▶ [Task brief]: Find "Зимнее подростковое пальто" in the material below, then write out that line and every line after it exactly, ending with the last one; skip the pictures.

▶ [Collected material]:

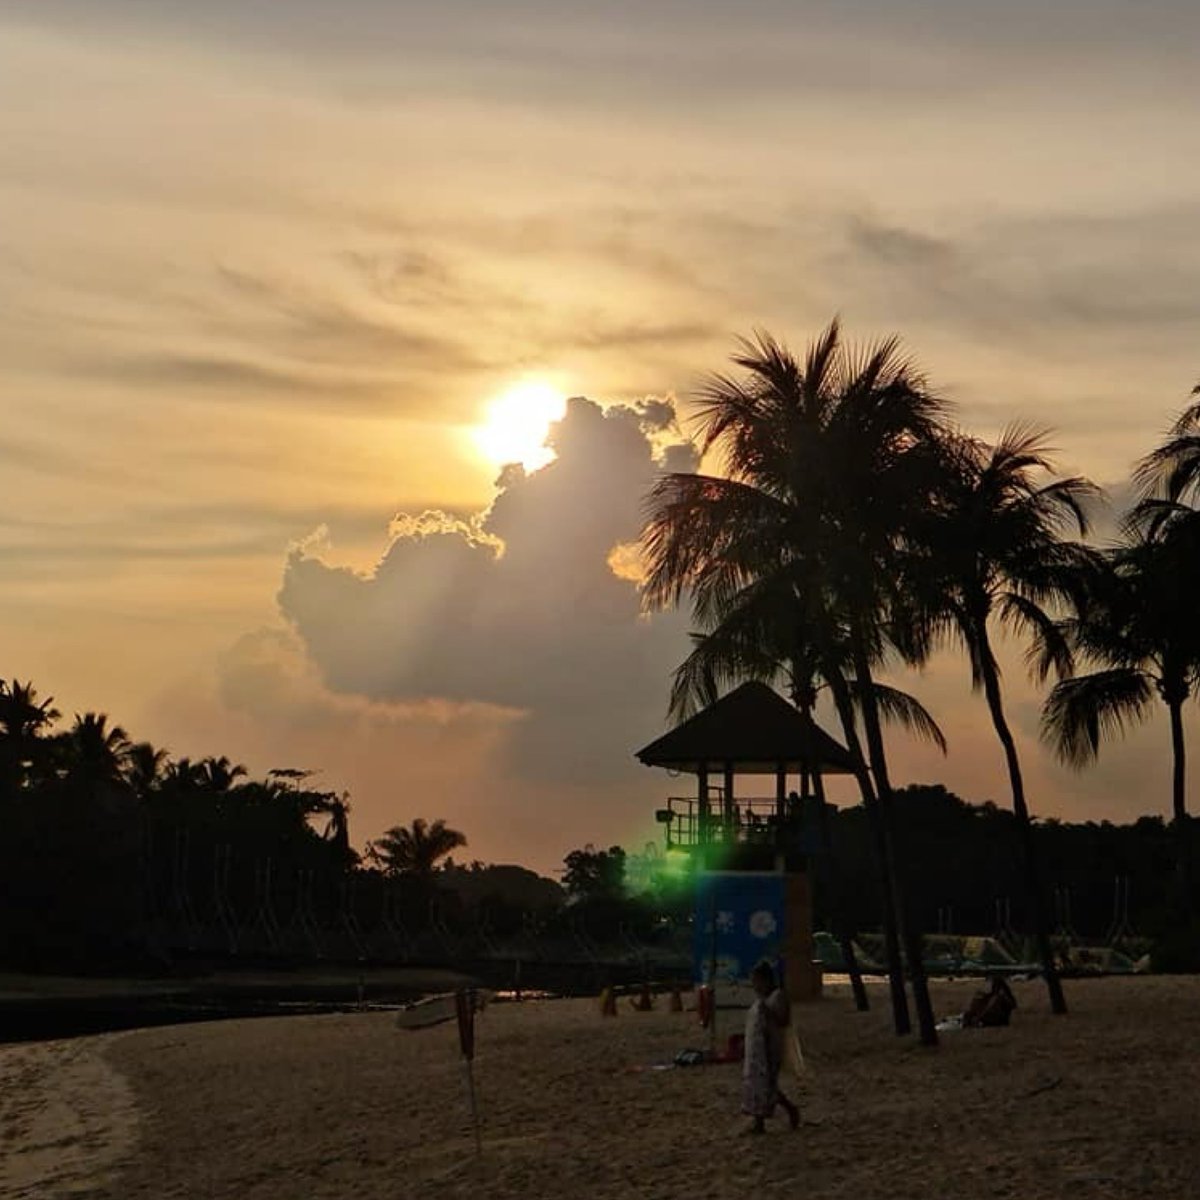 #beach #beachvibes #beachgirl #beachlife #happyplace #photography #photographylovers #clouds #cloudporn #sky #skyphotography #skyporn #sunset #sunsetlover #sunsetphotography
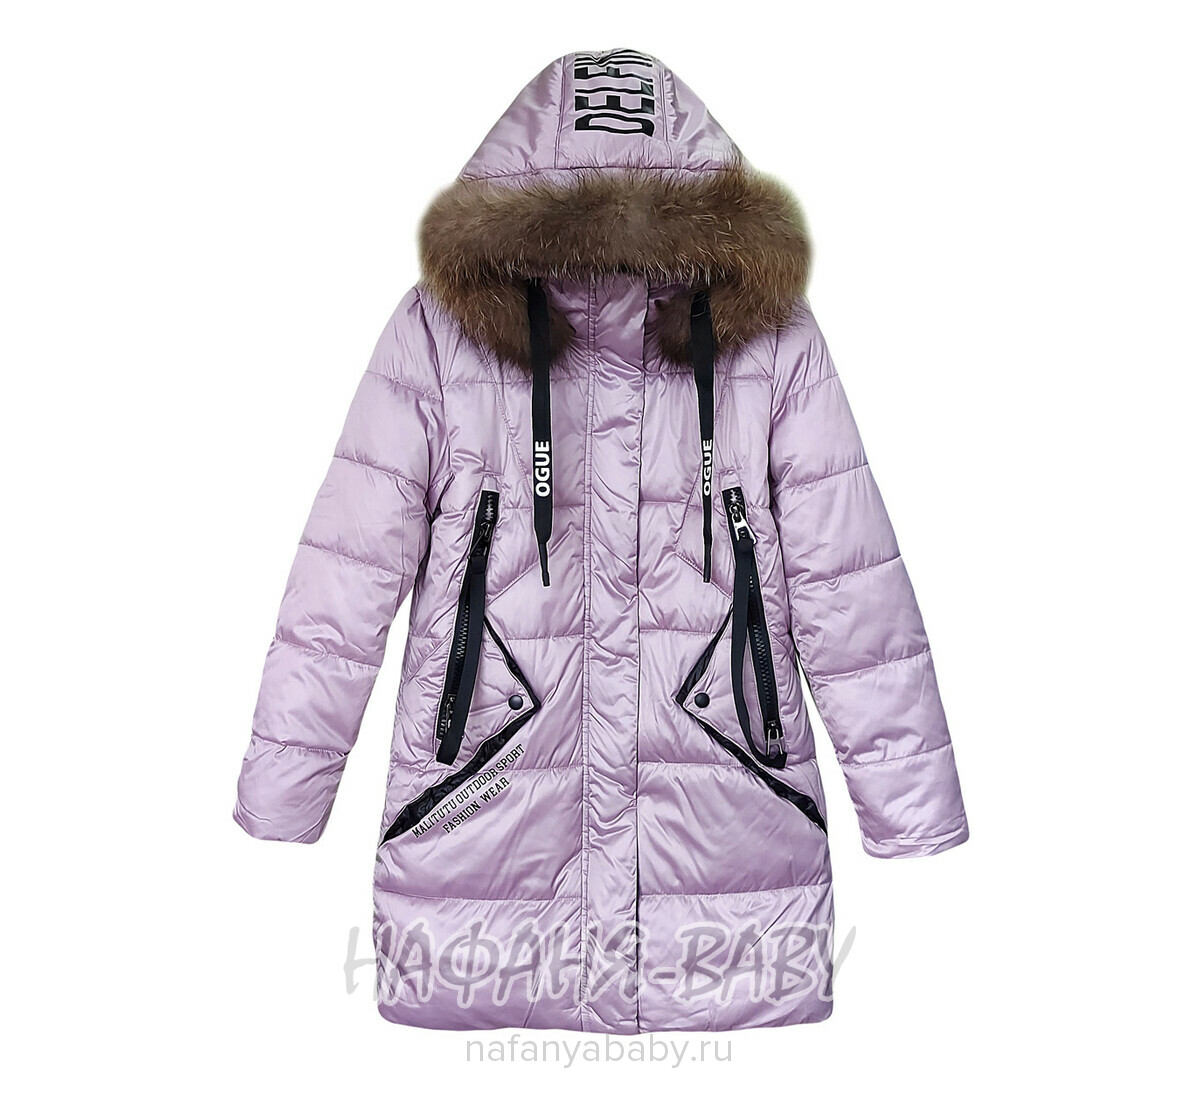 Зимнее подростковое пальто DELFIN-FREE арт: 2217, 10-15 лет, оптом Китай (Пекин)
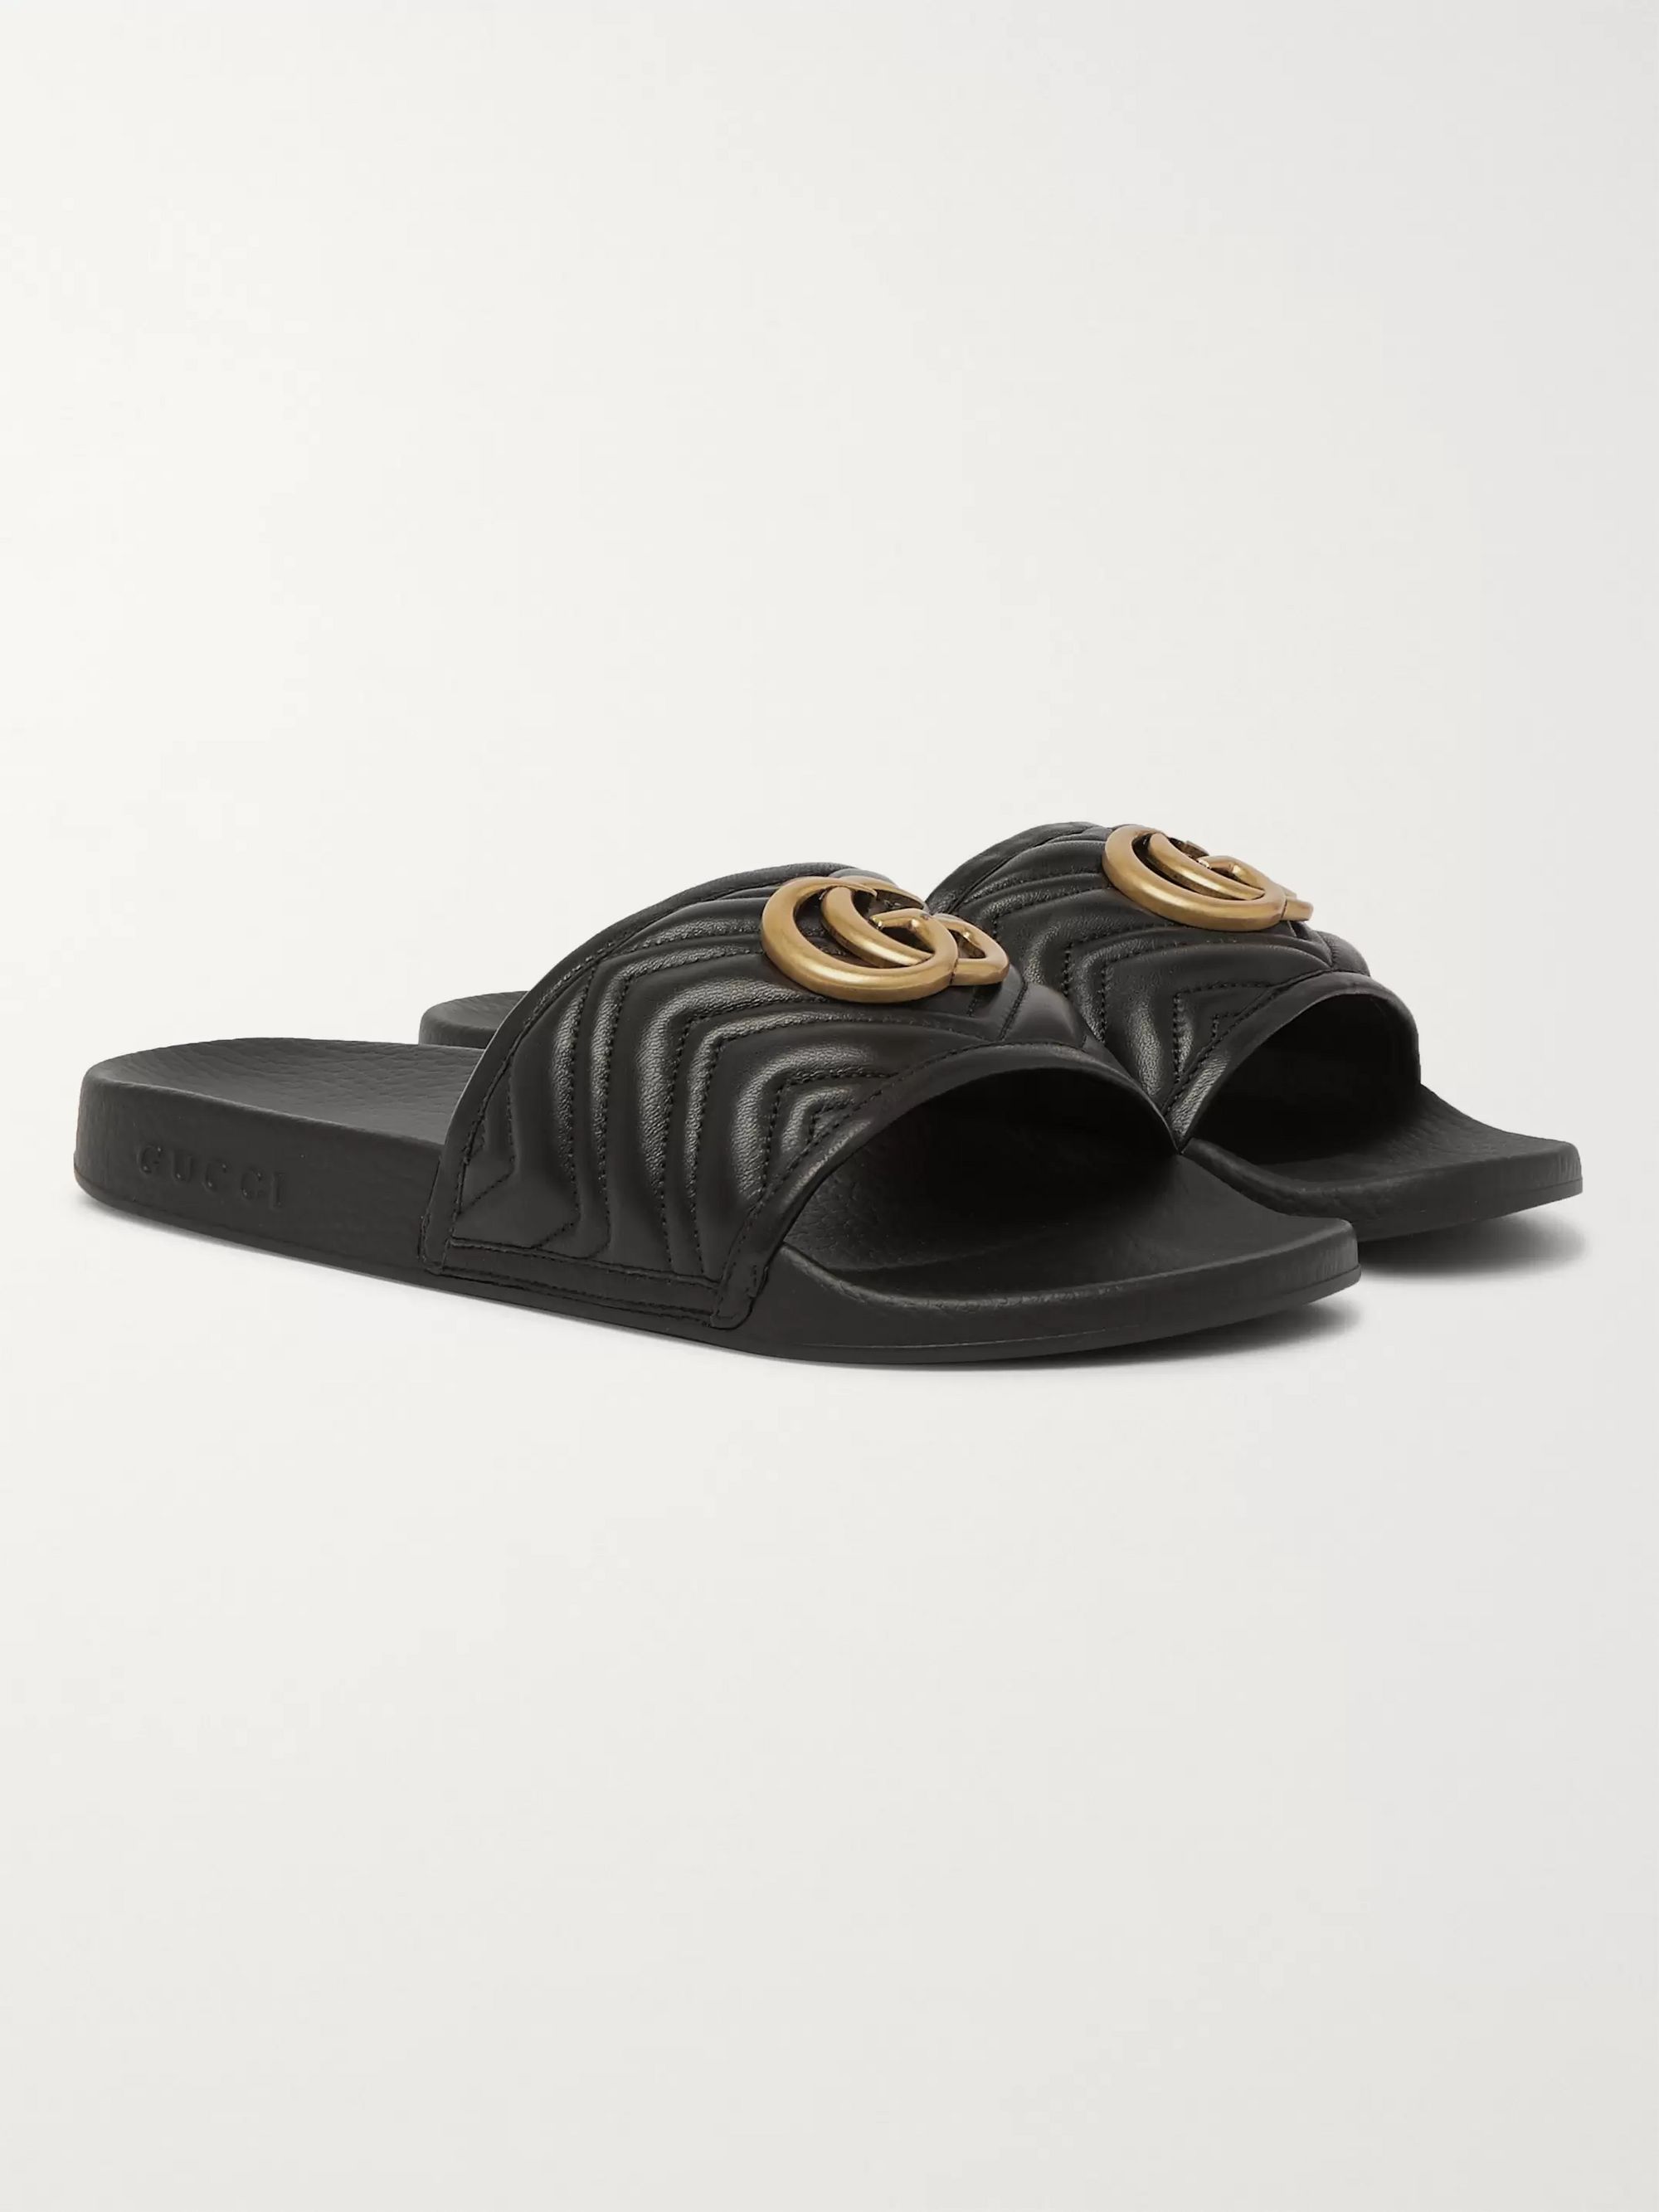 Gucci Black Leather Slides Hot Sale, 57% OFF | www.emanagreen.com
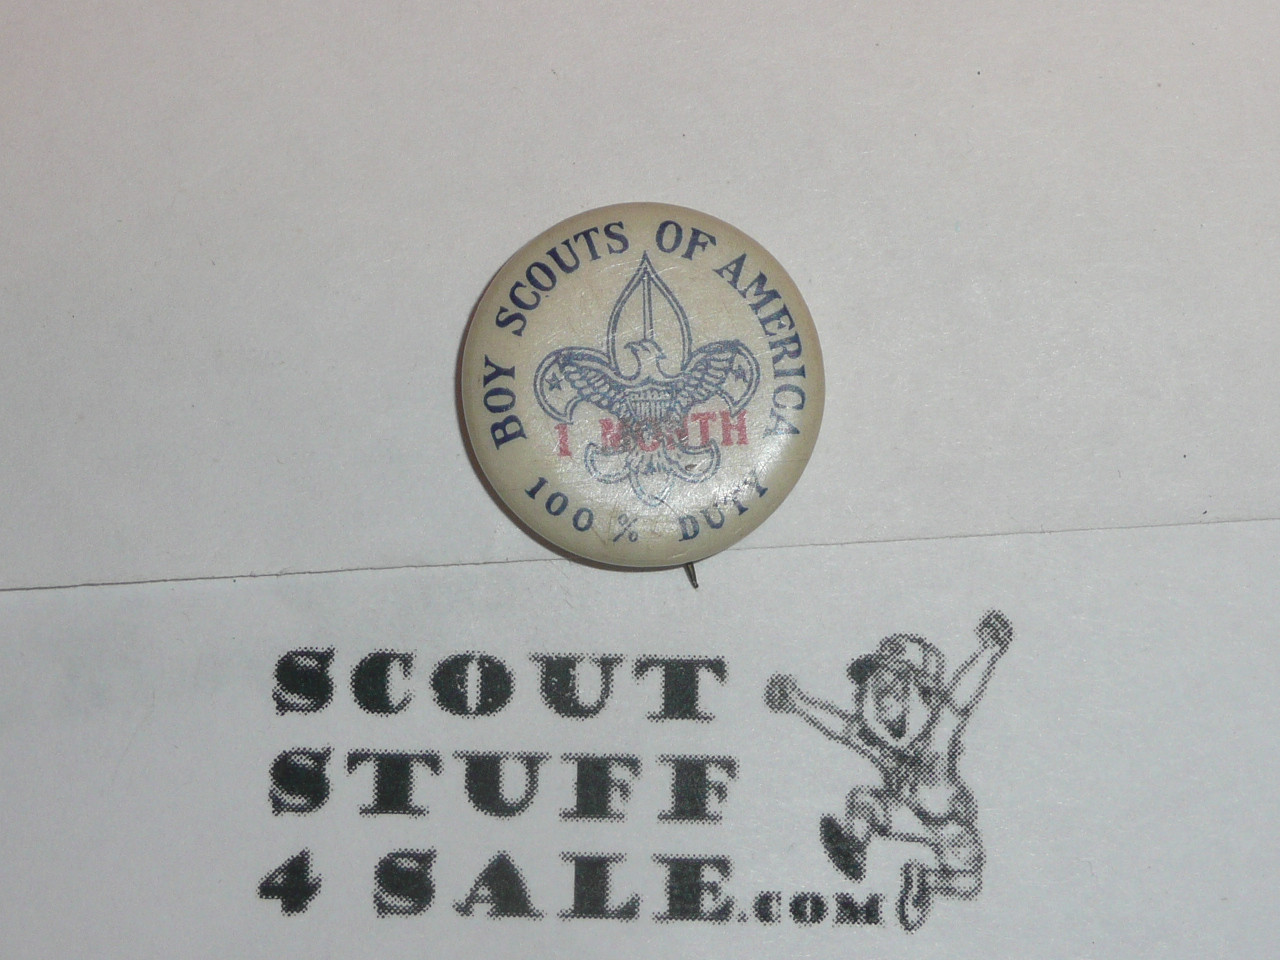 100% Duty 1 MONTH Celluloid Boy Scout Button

▶ [Response]:
 Зимнее подростковое пальто DELFIN-FREE арт: 2217, 10-15 лет, оптом Китай (Пекин)
 Gucci Black Leather Slides Hot Sale, 57% OFF | www.emanagreen.com
 100% Duty 1 MONTH Celluloid Boy Scout Button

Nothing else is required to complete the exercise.